エレベーターで向かい、部屋の玄関も開いた。
「九條くん、寂しかったよぉ」と夏凛は泣きながら言った。

「姫川さん、寝ててください」と肩を貸しながら、ベッドに寝かせた。

「今、お粥作ってきますから。薬は?」

夏凛は顔を少し左右に振った。

「分かりました」と晴菜は、キッチンに行き、常温の水を持って戻り、買ってきた薬と一緒に飲ませた。
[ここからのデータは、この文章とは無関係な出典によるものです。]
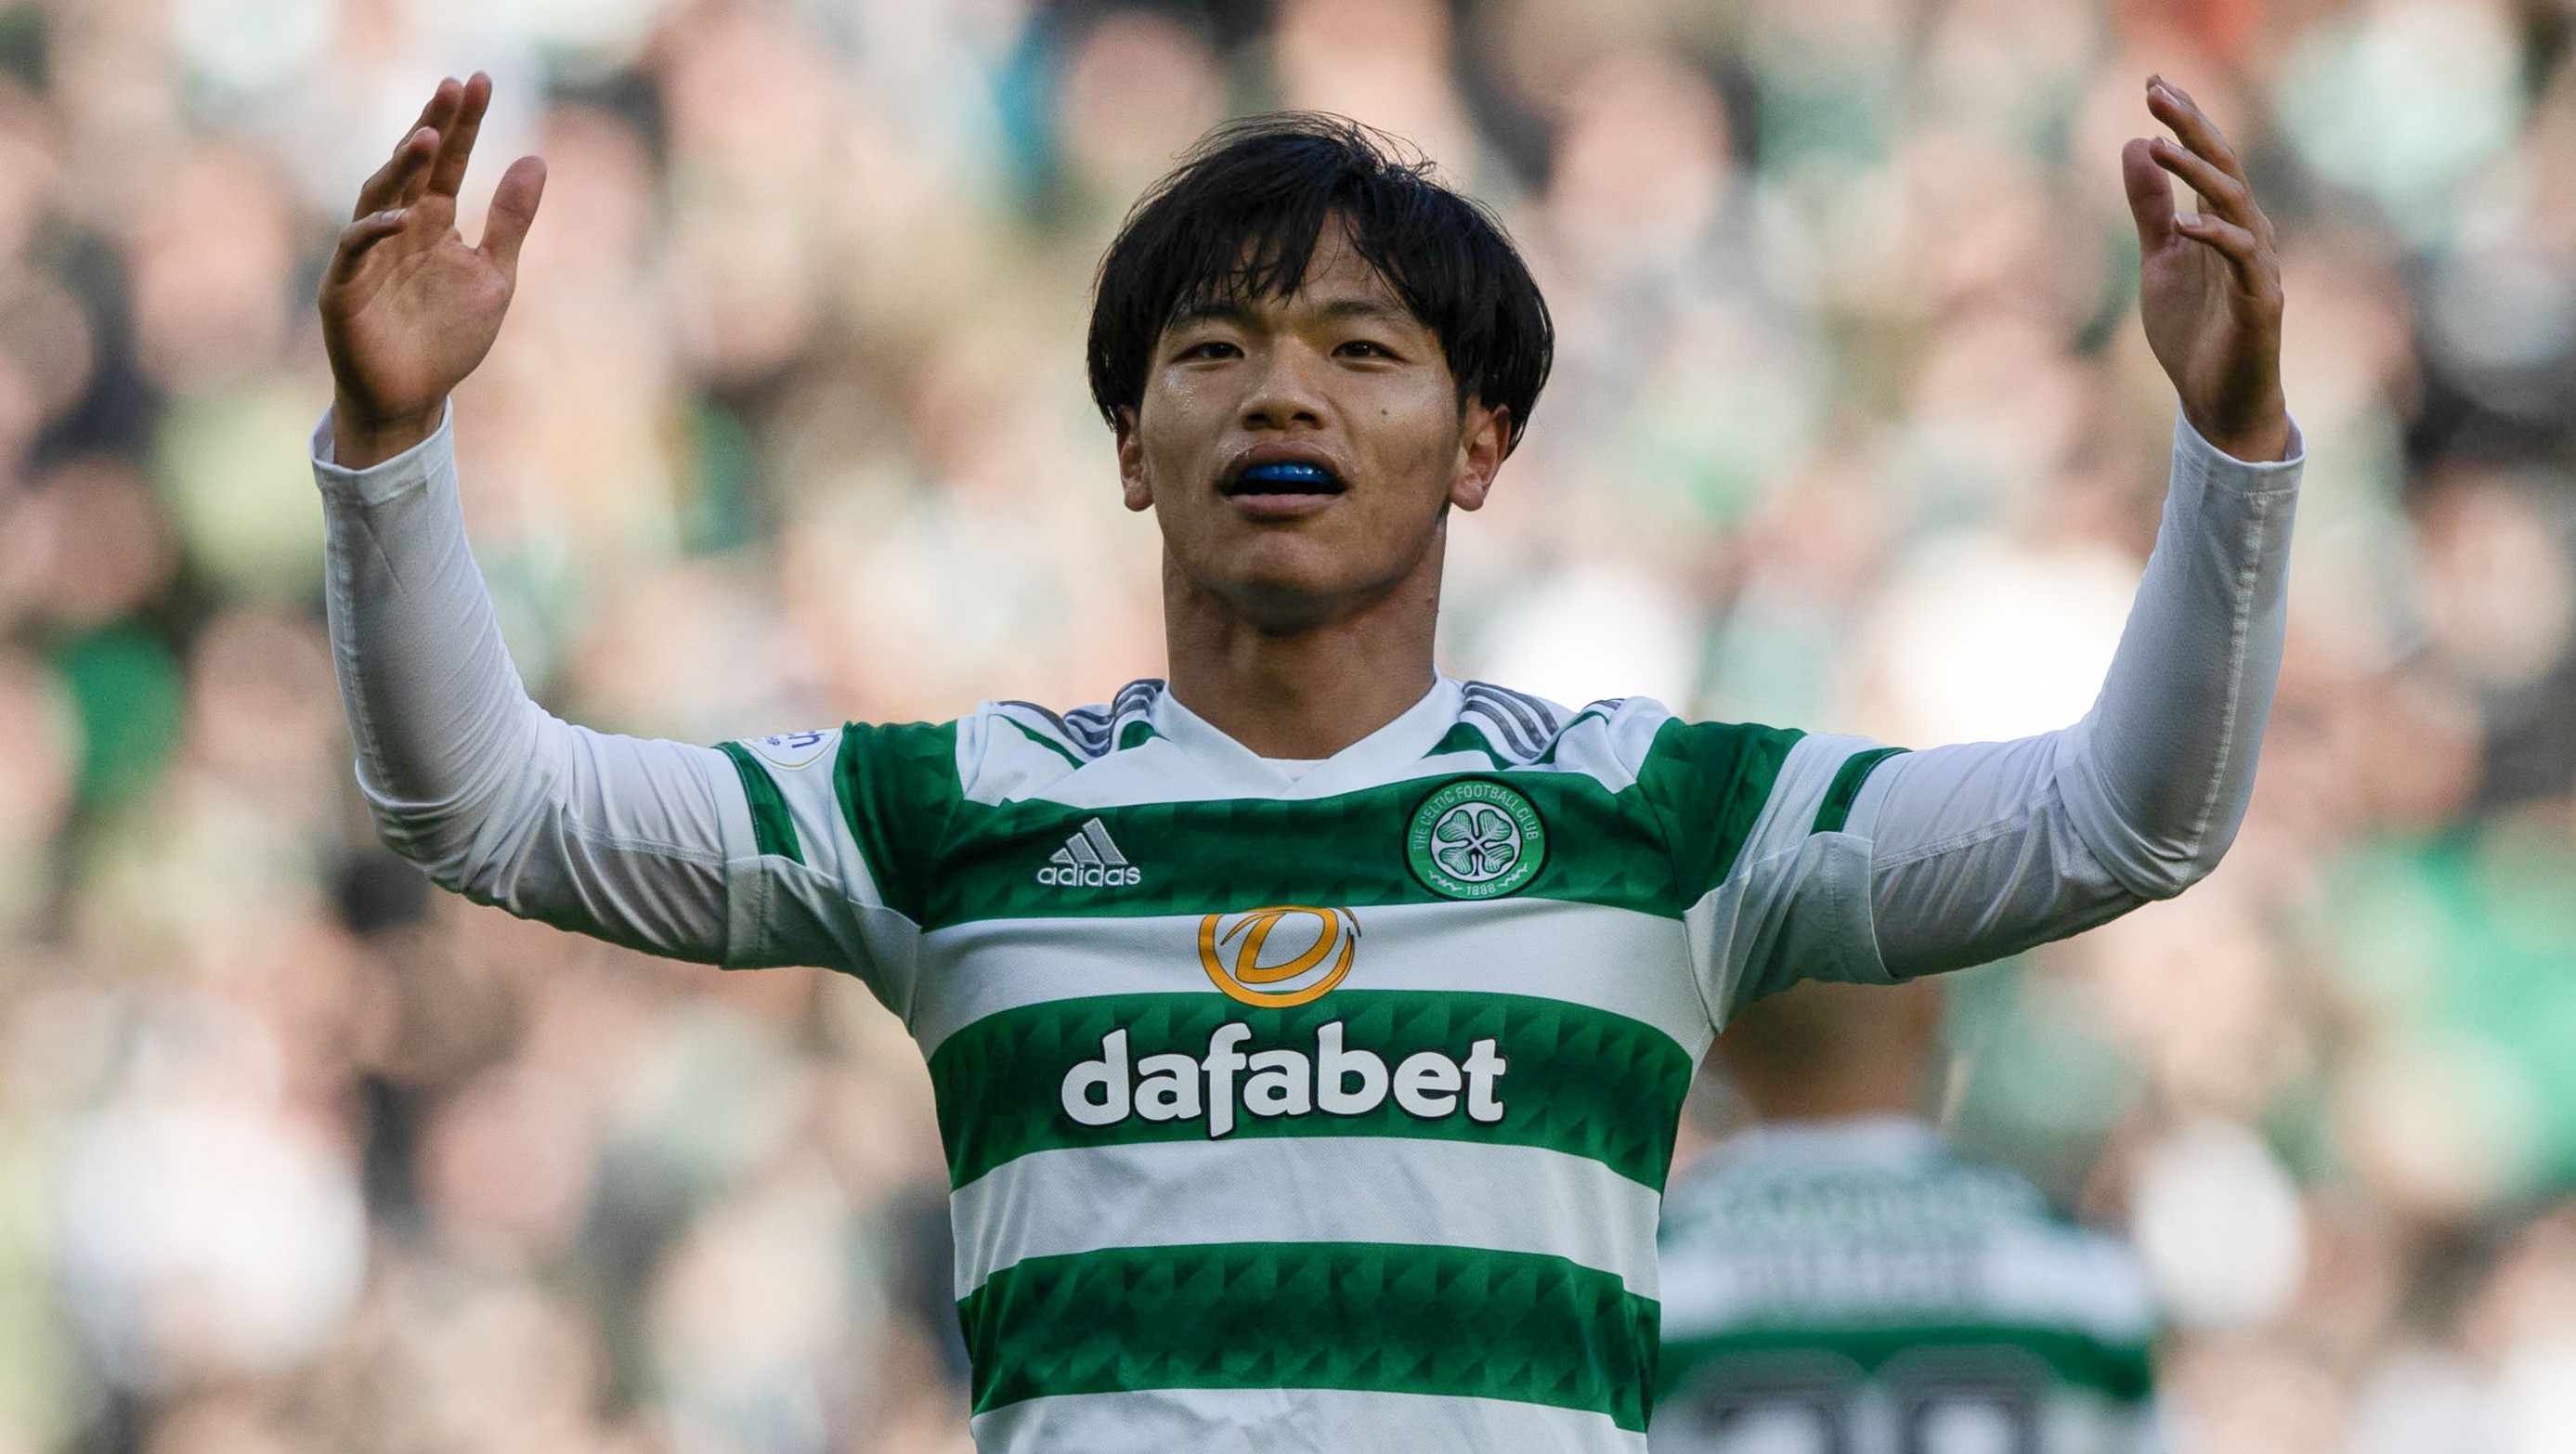 There have been 15 boys named Reo since Celtic signed midfielder Reo Hatate.

「寝て待っていてください」と言い残し、晴菜はキッチンでお粥を作り始めた。

「僕がいると、姫川さんが安心して眠れない。早く作って帰らないと」

晴菜は手際よく料理をした。

そして、出来上がり、部屋に持って行った。

「できましたけど、食べられますか?」

夏凛はゆっくりと起き上がった。晴菜はベッドの頭の所に枕を立てた。

夏凛はもたれかかりながら、口を開いた。

一瞬、晴菜は驚いたが、お粥をレンゲで掬うと、ふぅ~、ふぅ~と息をかけてから、夏凛の口の前に持って行った。

夏凛はそれを口に入れた。
「美味しい」と元気のない声で言った。

また晴菜は、ふぅ~、ふぅ~っと息をかけてから食べさせた。

何度か繰り返して、
「もう食べられない」と夏凛が言ったので、身体を支えて、ベッドに寝かせた。

「残りは冷蔵庫に入れておくので、チンして食べてください」

夏凛は頷いた。晴菜は買ってきたオデコに貼るシートを思い出して、夏凛のオデコに貼った。
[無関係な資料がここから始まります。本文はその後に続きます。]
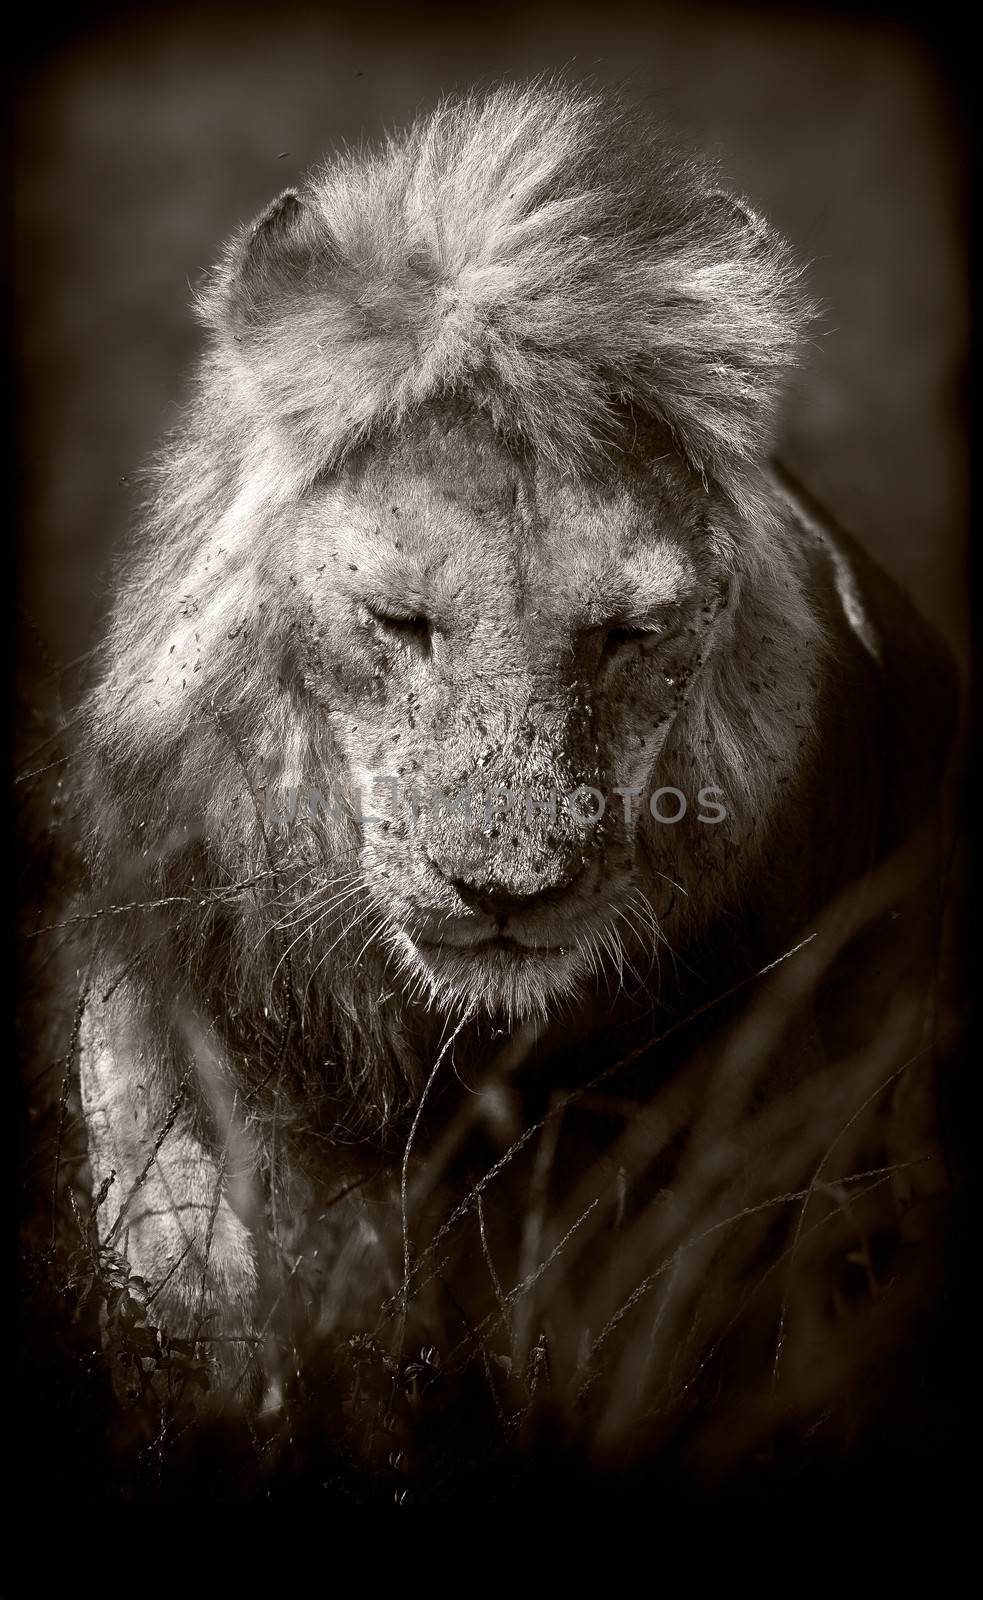 Sepia monochrome image of a wild African Lion

「じゃあ、お粥を冷蔵庫の中に入れたら、帰りますね」と立ち上がろうとしたら、ズボンの脇を夏凛に掴まれた。

「寂しいからいて」

「でも、僕がいると安心できないですよ」

「眠るまでいて」

「分かりました」晴菜は座り直した。

しばらくすると、
「いる?」と夏凛は言った。

「はい、いますよ」

また、しばらくして、
「いる?」と夏凛は言った。

「はい、いますよ」

また、しばらくして、
「い・・・・」

晴菜が夏凛の顔を覗き込むと、目を瞑ってゆっくりと布団が上下していた。

ふぅ~、良かった。寝てくれて、と思いながら、お粥を持ってキッチンに行った。

「汗かいてたな。でも、さすがに着替えさせるのはできないな」

そこでインターホンが鳴ったので見に行くと、なんと夏凛と仲が良い同級生だった。